In Akenson’s current research of Bighorn Sheep in the Lemhi Range of central Idaho near the Montana border, he says the main recreational disturbance to the animals is “hot-rod dirt bikers” illegally traveling uphill at elevations above 9,500 feet.
Backcountry Hunters and Anglers offer $1,000 rewards for turning in people who subsequently are prosecuted for off-road vehicle laws, which Akenson believes has been a particularly effective strategy in western Montana. That state also operates an incentive program through Fish, Wildlife and Parks, in which private landowners allow free hunting on their property, on the condition that it be done on foot.

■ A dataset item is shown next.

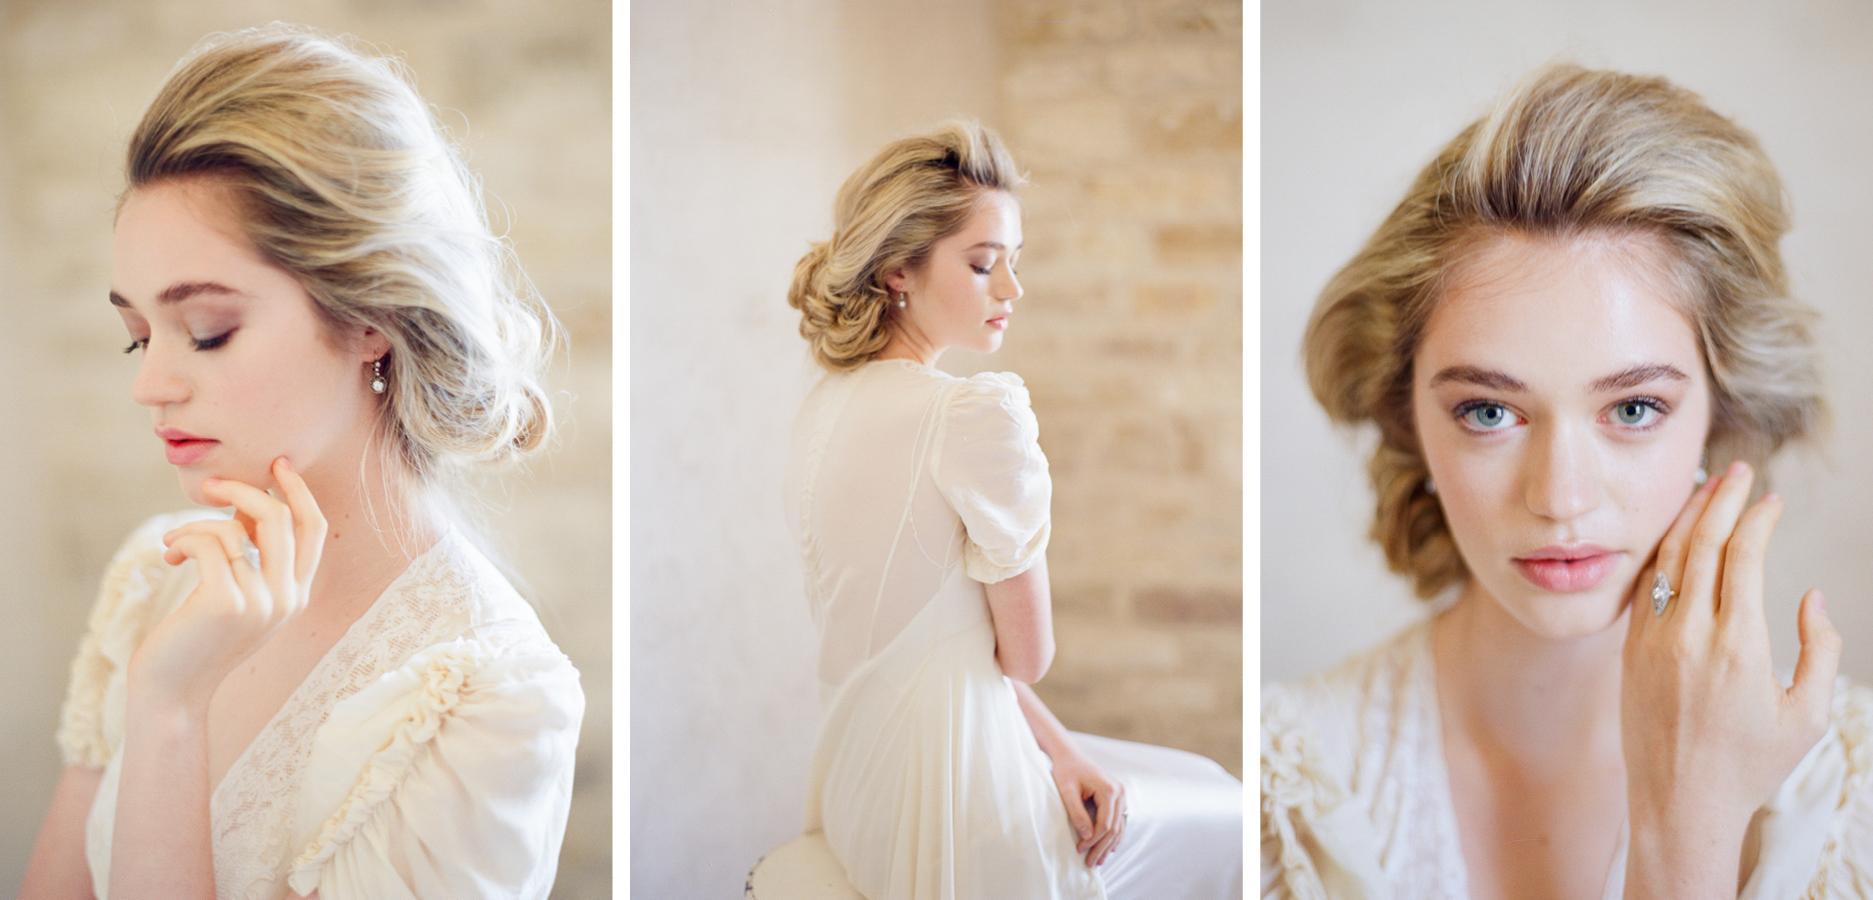 Jess-Wilcox-Hair-Makeup-Wedding-Homepage_4.jpg

Akenson says New Mexico is another state that has significant problems with off-road violations. As a hunter in wilderness and other lands where vehicles are not allowed, his experience has not been affected by motorized hunters.
“For me, the area that’s one of the hardest to deal with is retrieval of game,” he says, admitting that he personally thinks there could be “wiggle room” for such activity, if it will cause a decrease in wastage of meat.
Surprisingly, ATV advocate Sauerwald is less accommodating. “If you’re going to put down a 700-pound animal, like an elk, and you haven’t made preparations to pack it out, that’s your fault,” he asserts.
“We understand that there are good, law-abiding ATV users out there,” Akenson says, “and in a lot of cases our objective is to team up with them.”